In 2018 IDtek was appointed to install a new access control system for University of Pretoria – using high security access cards, multi-technology card readers and with the new Idemia fingerprint readers at key entrance locations. The new system captures a fingerprint template and stores the template on an iCLASS Seos smart card from HID Global. Tasmin Bayley explains: “These smart cards are next generation access control cards for strong authentication and data confidentiality. The user approaches the fingerprint reader and once they present their card – the reader reads the captured template and then asks the user to present their finger to perform a match. The result – students are limited to using their own access cards and have to be present to match using their finger print.”
“The second benefit of the system design – since the card stores the fingerprint template – the speed of the transaction is quicker.
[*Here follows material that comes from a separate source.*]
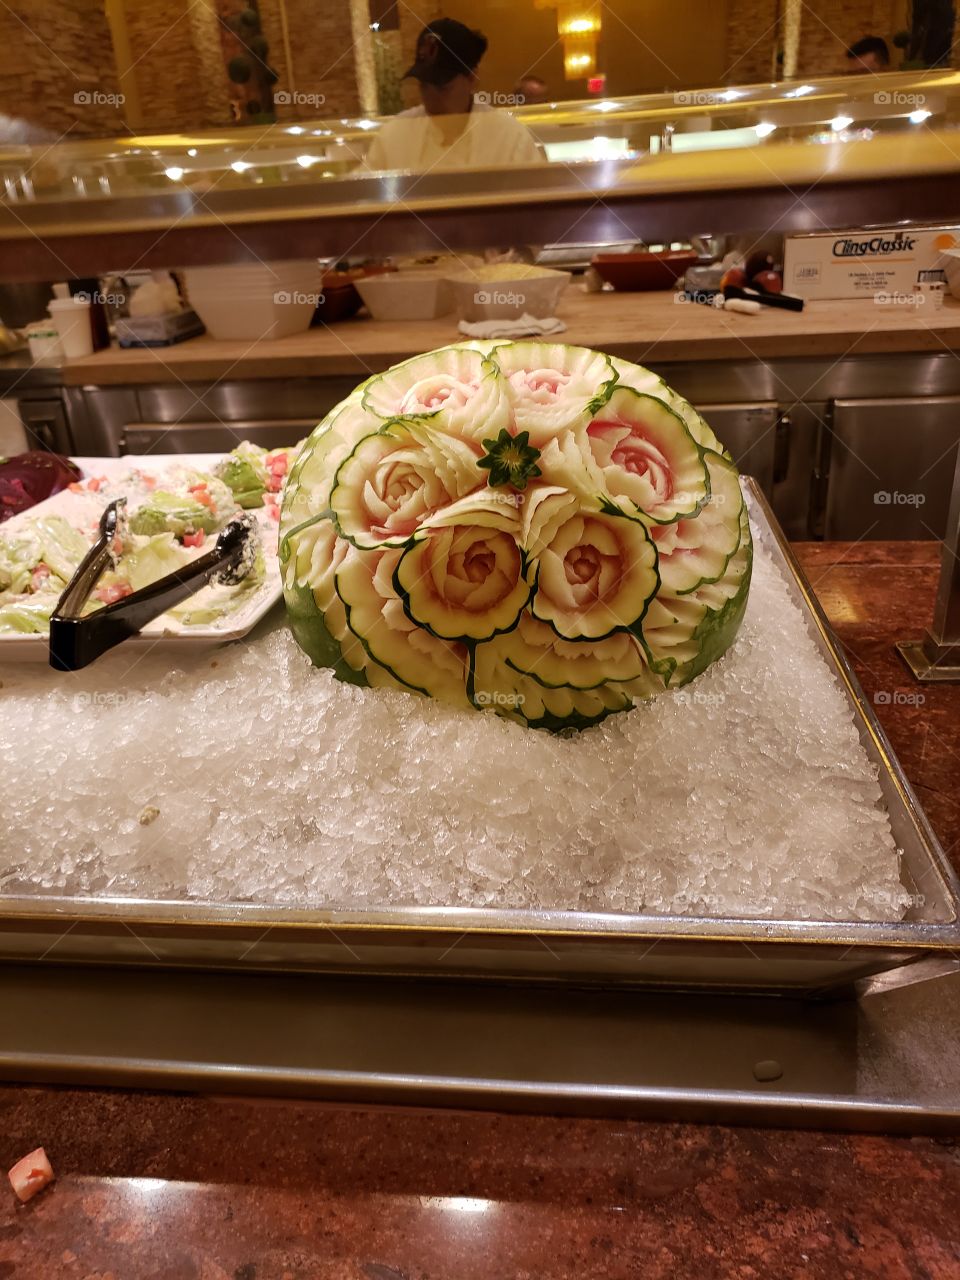 Beautiful carved Watermelon created by Chef/Dining Staff at Red Rock Casino & Resort in Las Vegas Nevada USA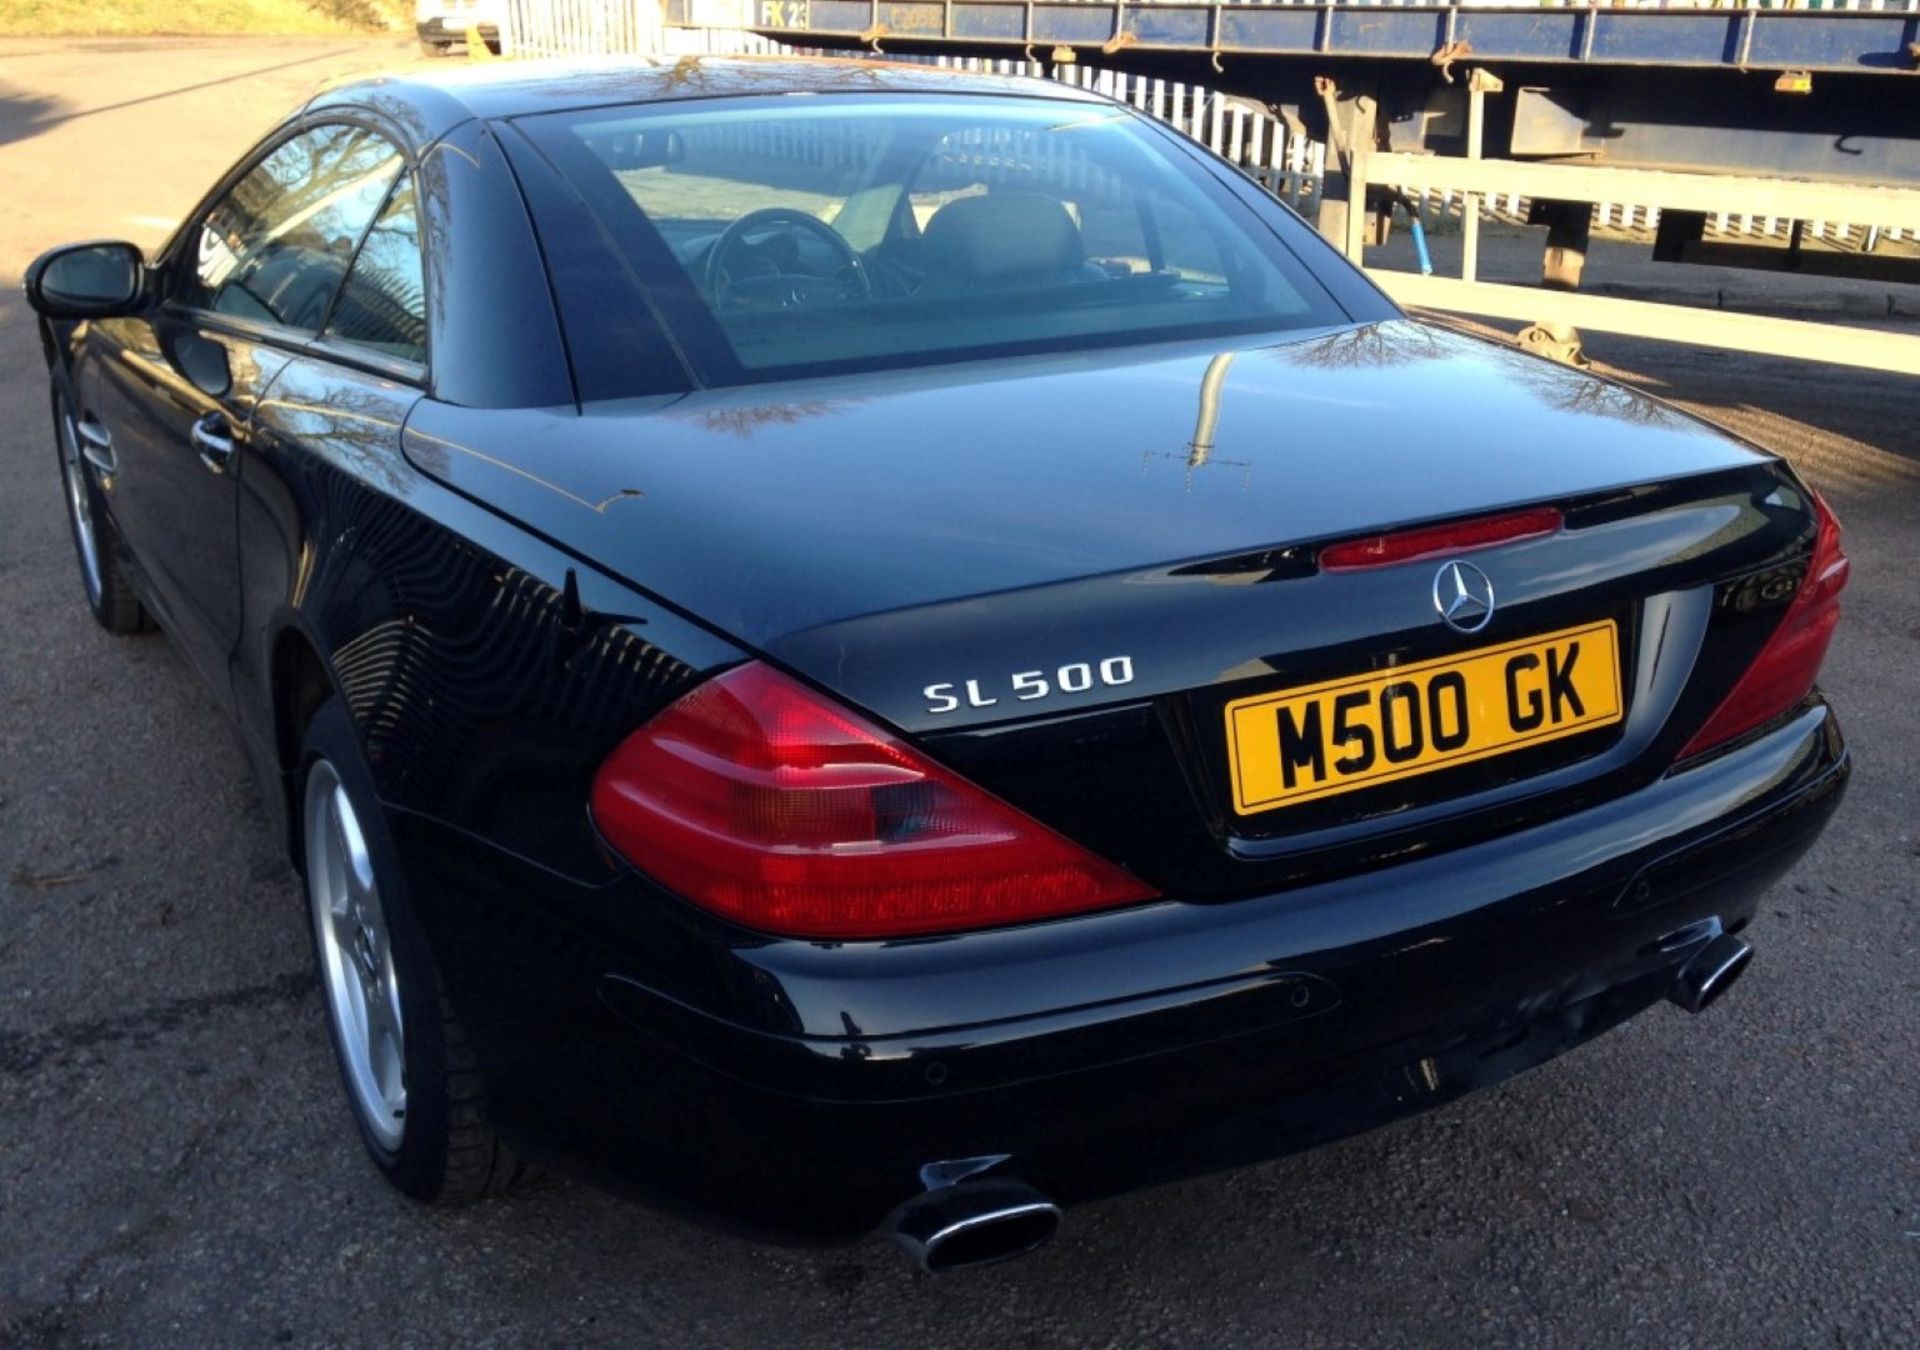 1 x Mercedes SL500 Automatic 5.0 Convertible - Petrol - Year 2002 - 94,500 Miles - Long MOT Expiry - Image 4 of 40

Where the user’s fingerprint template is stored on a database then these systems begin to struggle where user populations run into the tens of thousands of templates.”
IDtek currently supplies and supports the same technology for Wits University and University of Johannesburg. Tasmin explains that the need for multi-factor identity authentication (card and biometric) is pushing a strong trend in access control and the next step will be multiple verification methods using the same hardware device: face recognition / fingerprint / card / pin. This will give the end user flexibility in different applications on their site.
The University of Pretoria required a phased migration from the legacy system to the new access system, one door at a time, such that no access doors were ever offline. The students were issued with a new card that worked on both the legacy and the new access control system – and their access privileges had to be applied on BOTH systems until such time as the legacy system was completely replaced.
Francois van Deventer explains – a phased access system migration of this scale requires more than simply reissuing a multi-technology card that works on both systems – it requires multi technology card readers that can read both old and new access card formats – and that entire database under the legacy system is mirrored on the new system. This includes mirroring the access privileges by user group, as well as door naming conventions and access grouping. The University could not afford additional resources and the disruption of having to enrol new students on 2 different systems with the same access privileges on both. The objective was a seamless migration from the start. This took detailed project planning and close work with a steering co at the University.
Tasmin explains – “The entire project took close on a year to implement with most of the time spent on scoping, planning and testing before any hardware was even replaced. Students had their fingerprint templates captured, were provided with the new HID access card and went on blissfully unaware of any migration – presenting the same card on both the old and the new system and their fingerprint where required.”